In short, Backpack tries to be as friendly and as fair as possible during liquidations, where we try as much as we can to liquidate all positions directly on the order book for anyone to trade against. In fact, amidst, this week's historical volatility, 99.82% of all our liquidations have happened directly on the book - with only 0.18% happening on the backstop and 0% happening via the ADL. This is perhaps the best load test one can ask for and tells me that we can start responsibly increasing leverage even more. Honestly, 99.82% on the book is too much, as we are being too conservative with leverage - but this will naturally come down as open interest continues to climb and liquidation volume increases.

At high level, Backpack has a three part waterfall:

  • Liquidations on the Book
  • Liquidations on the backstop.
  • Liquidations via auto deleveraging.

This type of waterfall is standard in exchange today - both crypto and traditional finance.
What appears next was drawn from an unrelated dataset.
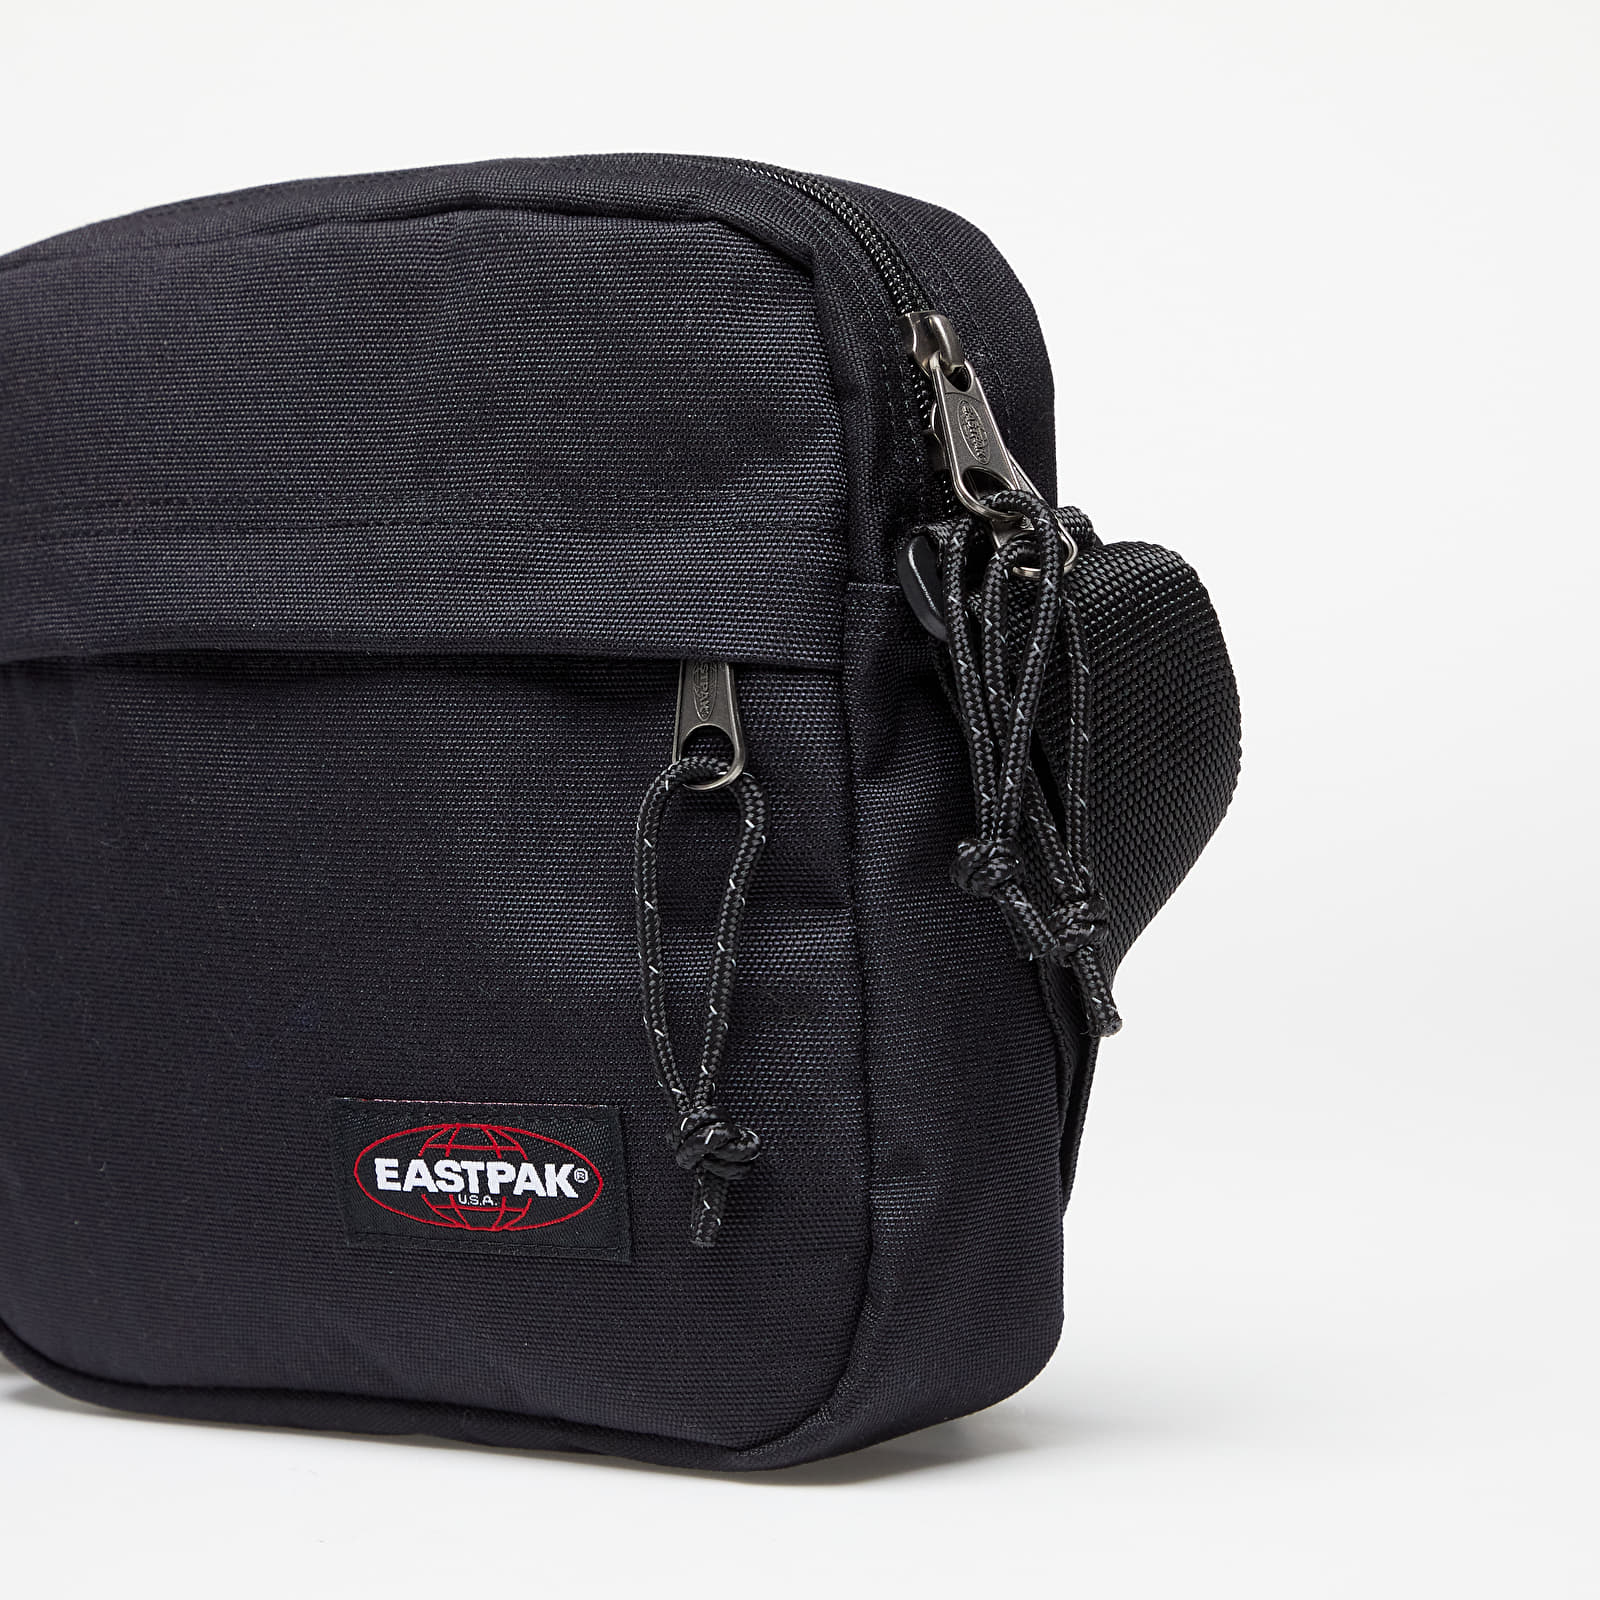 SUPER SCONTO su questa utilissima borsa a tracolla Eastpak (-22%) -  CulturaPop

Every step of the waterfall is needed to ensure system solvency but the details in every step vary exchange by exchange.

On Backpack, the algorithm is roughly as follows:

  • When we detect your MMR hits 100%, we lock down your account, cancel all open orders, repay borrows immediately, and begin the liquidation protocol.
  • Starting on the order book, we liquidate part of your position at any given time, slowly but surely chipping away at it so as not to cause an inordinate amount of price impact - and so as to not fully take you out, if possible. We do this across all symbols for which you have open positions in parallel. Slowly, but surely bring down your account back to health.
  • When deciding how much we can liquidate on the exchange at any given point in time, we take a depth measurement directly from our order book, and only liquidate the available depth within some tolerable impact distance. This ensures we don't completely annihilate the outstanding liquidity on the book, we allow it to constantly refresh itself as we chip away your positions, and ensure we don't allow the liquidated user to get rekt by getting filled by stink orders.
  • Even if the above goes haywire, we have market protection price bands to protect orders. This includes price impact bands, a moving average on the mark price as a band. If the market suddenly goes haywire, instead of getting filled at horrible prices, the market will protect you by simply rejecting the really bad liquidation orders and you will just hold the position as the market moves. This is safe because we have backstop to fall back to it in the event the market keeps moving against you.
  • If we are unable to liquidate a user's position on the book, we skip the order book and go directly to the backstop, where we hand over positions directly to market makers that participate in the backstop liquidity program. This program is open for folks to participate. Ultimately the backstop is there to absorb cascades. Even if the market is getting decimated, the backstop catches the positions and absorbs the risks - and making a healthy profit that does not affect the rest of the market. This is a last ditch effort to liquidate the user in a way that does not affect the rest of the market. If we run out of room on the backstop, then the system gracefully falls back to auto deleveraging.
  • ADL is the base case, so to speak. And any perps exchange running without it is like driving without seat belt. If you crash, you are in trouble. We liquidate positions against any outstanding open positions on the other side. This experience SUCKS for users, but it is a necessary protection in the worst case scenario. Our algorithm for auto deleveraging diverges from other exchanges: We sort by margin fraction ascending, find all open accounts + positions, on the opposite side of you with an outstanding delta and bring their delta to zero. Most other exchanges do ADL position selection by sorting by margin fraction + unrealized profits, but we opted for this. Why? Well from, first principles, delta is the correct measurement of risk. So if you bring delta to zero, you bring system's risk to zero, which is our first goal in a volatile market. The beauty of auto deleveraging is that, even if all liquidity completely drops from the market, everything winds down in an orderly fashion -- and in most extreme possible case, bringing open interest back to 0.